The second detail is how we handle cases when the token sequence has an overhang off the start of the stop string,
as in the case of ["las", "top"], since we do not store "start overlaps" in the same way we do for end overlaps.
Instead, we simply store (in the valid_positions vector) that the token "las" is valid before "top", in the same
way that the token "s" is. Therefore, the total length it computes in the case of ["las", "top"] is 6 rather than 4,
because it doesn't truncate the match to the length of the stop string. However, since the algorithm concludes by
checking that the maximum match length is equal to or greater than the length of the stop string, this does not
affect the correctness of its final answer; both ["las", "top"] with a total length of 6, and ["s", "top"] with a
total length of 4, will be correctly identified as matches, because both are >= 4.
How do we do that? Let's use ["s", "to", "pped"] as an example. We know that the final token, "pped", has an
overlap of 1 with the stop string, "stop". We then go back to the previous token, "to". Since we have already
matched 1 character from the stop string, the remainder to check is "sto". We check that the next token "to"
matches the end of the remainder, which it does. We have now matched 3 characters from the stop string, and the
remainder to match is "s". We go back to the previous token again, which is also "s". This is a match, and so
we have matched the entire stop string.
How does it work when the tokens run off the start of the stop string, though?
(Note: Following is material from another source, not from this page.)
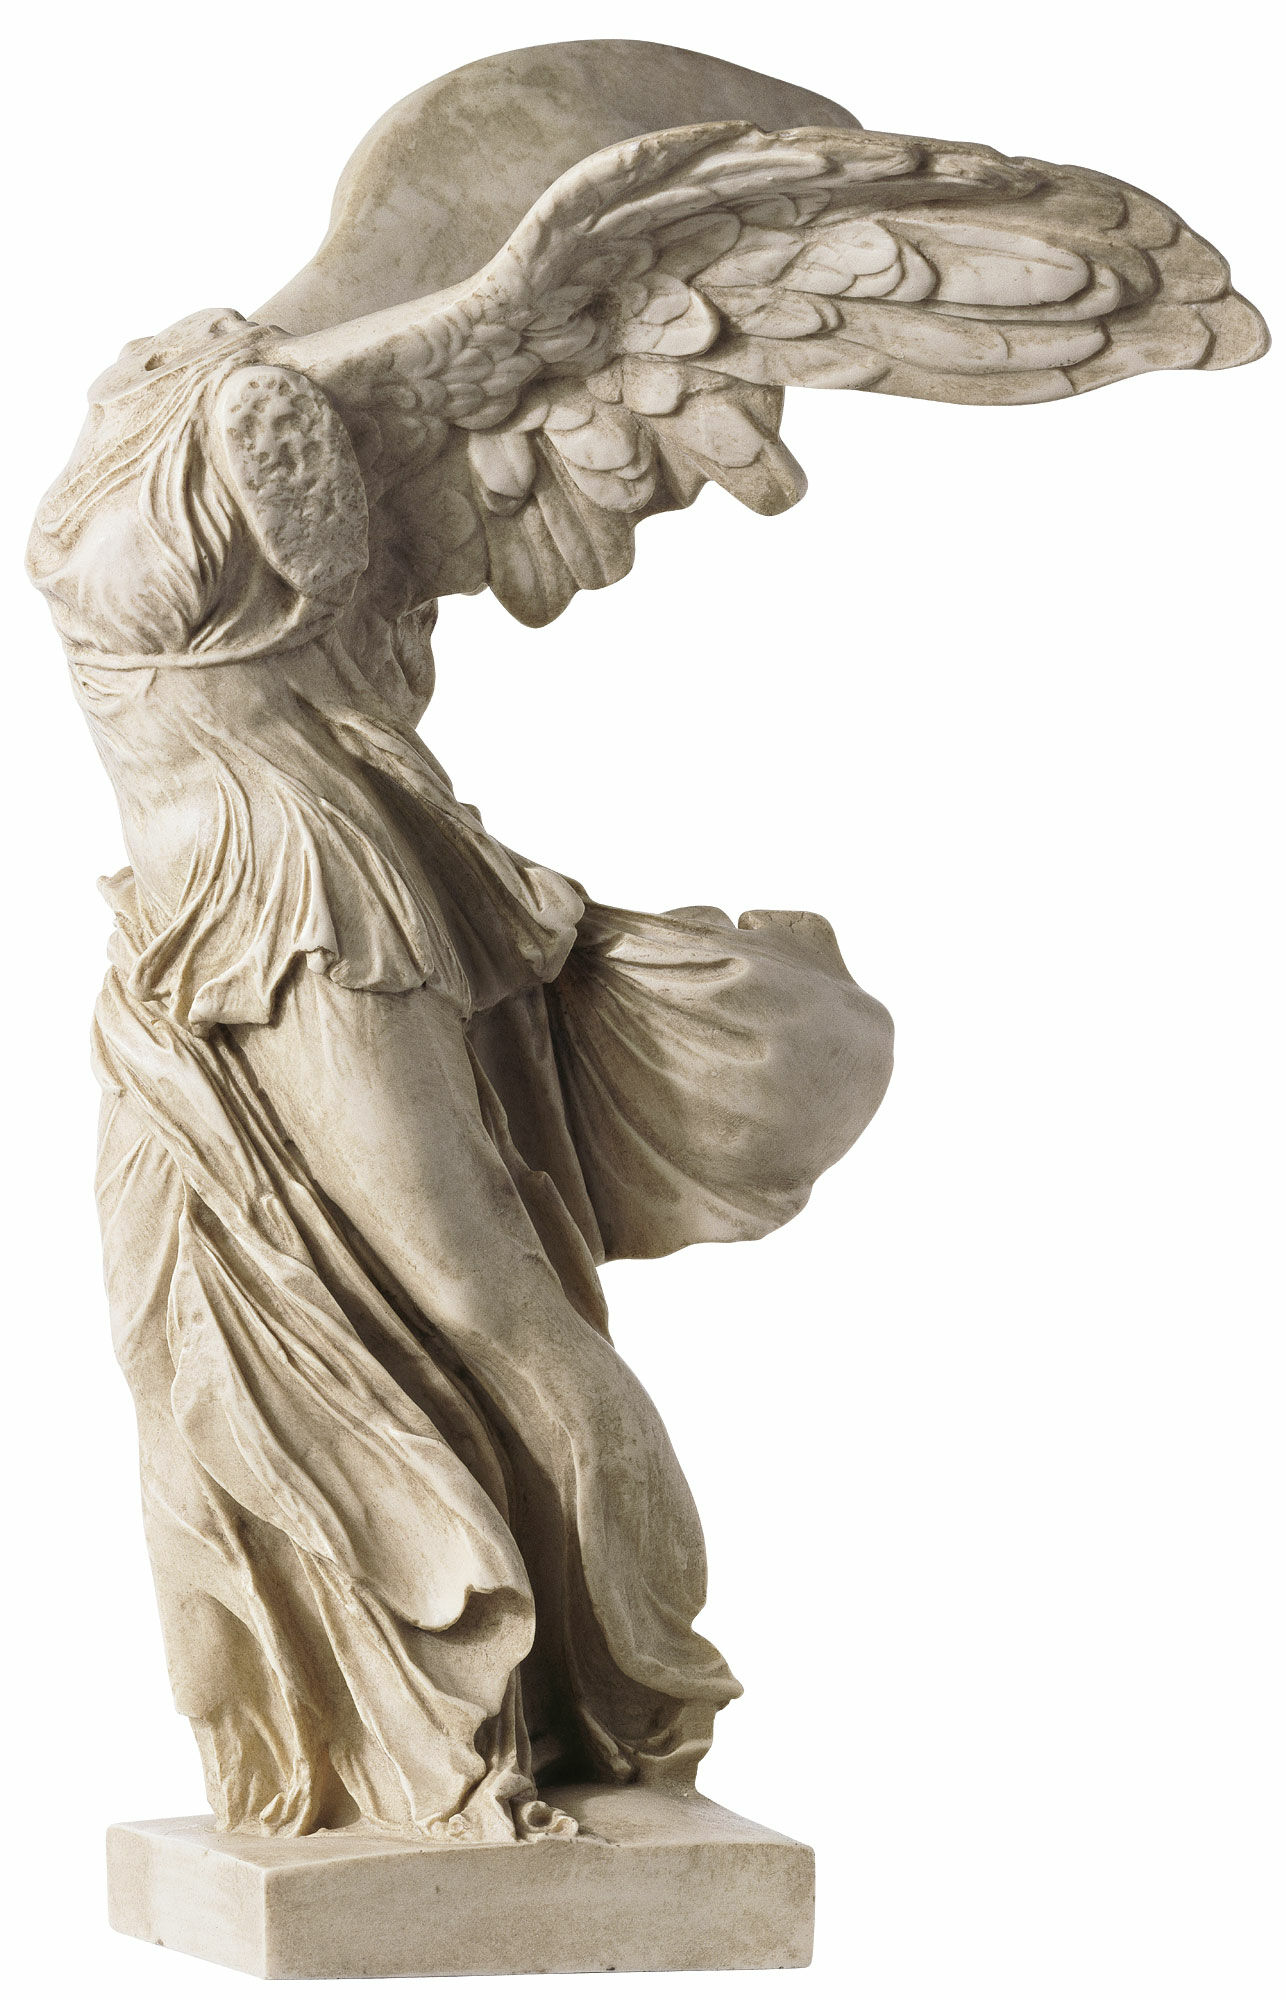 Skulptur "Nike fra Samothrake" (33 cm), støbt

Let's consider the example of
["las", "topper"]. The final token, "topper", has an overlap of 3 with the stop string, "stop". Therefore,
the remaining stop string to match is "s". We go back to the previous token, "las". Because the remainder to
match is just "s", with length 1, we consider only the final 1 character from the token, which is "s". This
matches the stop string, and so the entire string is matched.
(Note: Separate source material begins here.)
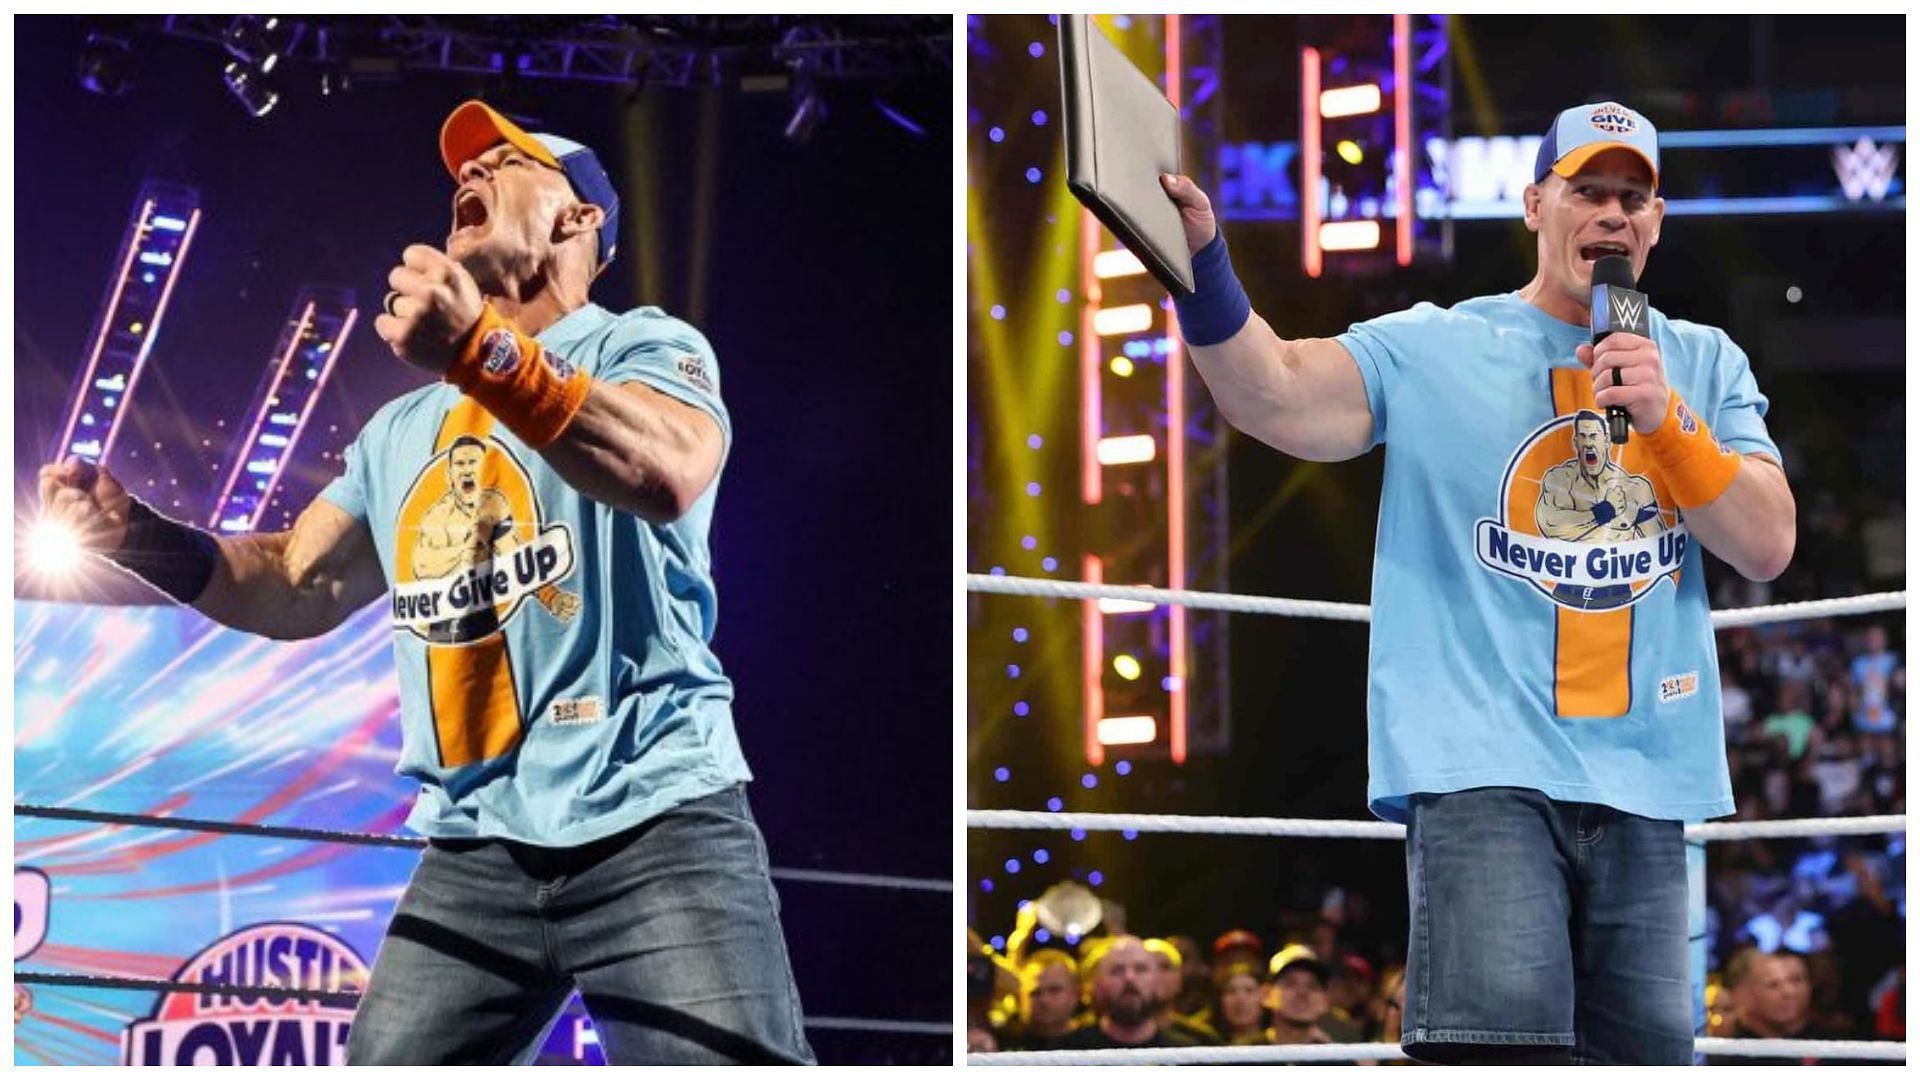 John Cena is a 16-time World Champion.

How do we compute these matches with tensor operations, though? Simply: we efficiently precompute the necessary
information for all tokens! For every token, we compute:
- Its overlap with the end of the stop string, if any
- The positions inside the stop string where the token matches, including matches that run off the start.
- The total length of the token
For example, for the token "pped", we would compute an end overlap of 1, no internal matching positions,
and a length of 4. For the token "to", we would compute no end overlap, a single internal matching position
of 1 (counting from the end), and a length of 2. For the token "s", we would compute no end overlap,
a single internal matching position of 3 (again counting from the end) and a length of 1.
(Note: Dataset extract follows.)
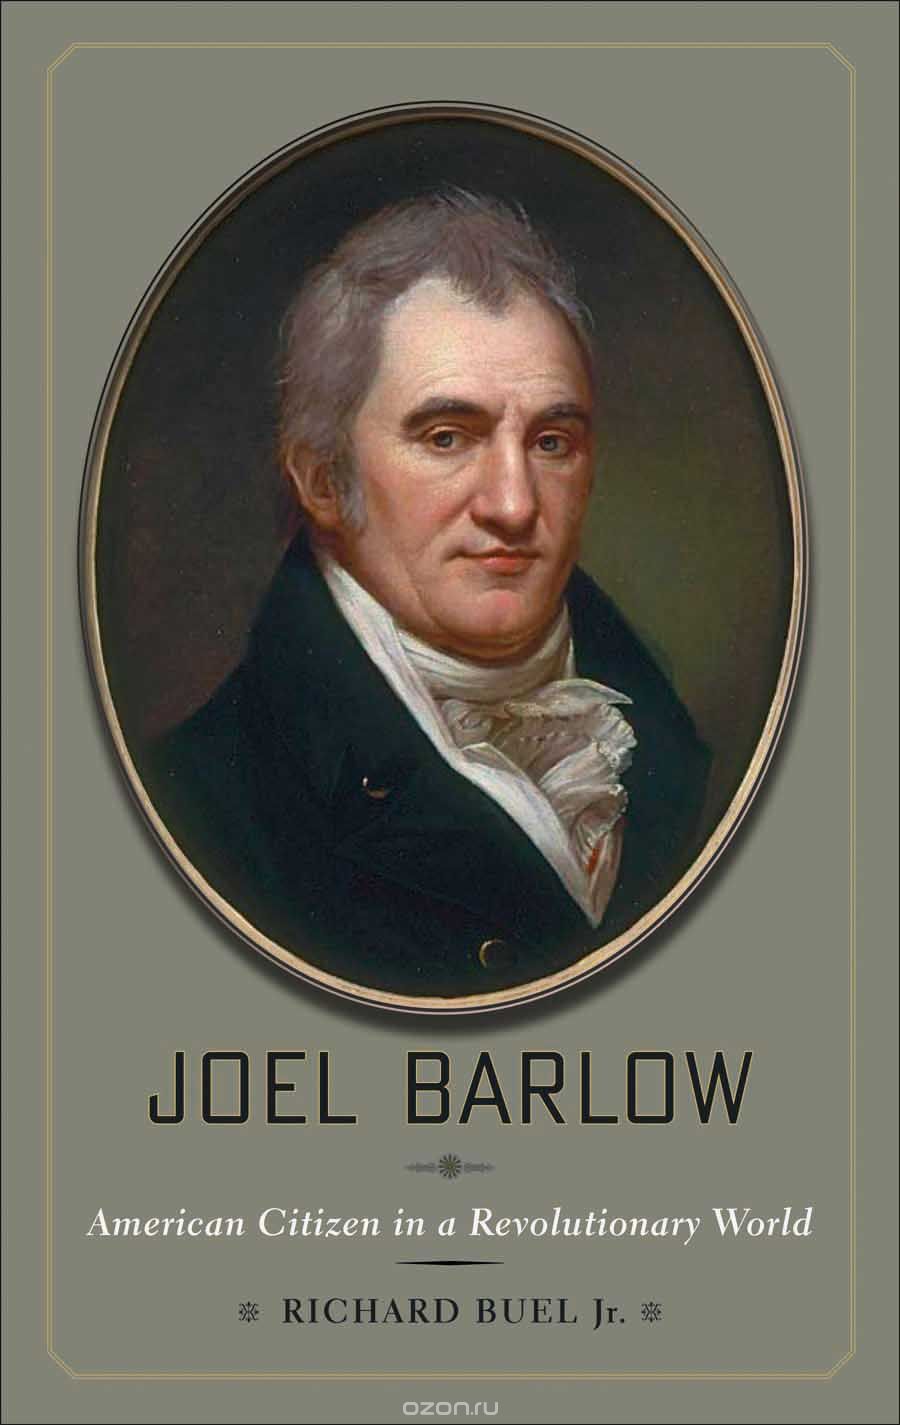 Скачать книгу "Joel Barlow – American Citizen in a Revolutionary World"

As long as we have this information, we can execute the algorithm above without any string comparison
operations. We simply perform the following steps:
- Check if the final token has an end-overlap with the start string
- Continue backwards, keeping track of how much of the stop string we've matched so far
- At each point, check if the next token has the current position as one of its valid positions
- Continue until either a match fails, or we completely match the whole stop string
Again, consider ["s", "to", "pped"] as an example. "pped" has an end overlap of 1, so we can begin a match.
We have matched 1 character so far, so we check that the next token "to", has 1 as a valid position (again,
counting from the end). It does, so we add the length of "to" to our position tracker. We have now matched
3 characters, so we check that the next token "s" has 3 as a valid position. It does, so we add its length
to the position tracker. The position tracker is now 4, which is the length of the stop string. We have matched the
entire stop string.
In the second case, ["las", "topper"], "topper" has an end overlap of 3, so we can begin a match. We have
matched 3 characters so far, so we check that the next token "las" has 3 as a valid position. It does, because we
allow tokens to match positions that run off the start of the stop string. We add its length to the position
tracker. The position tracker is now 6, which is greater than the length of the stop string! Don't panic, though -
this also counts as a match of the stop string. We have matched the entire stop string.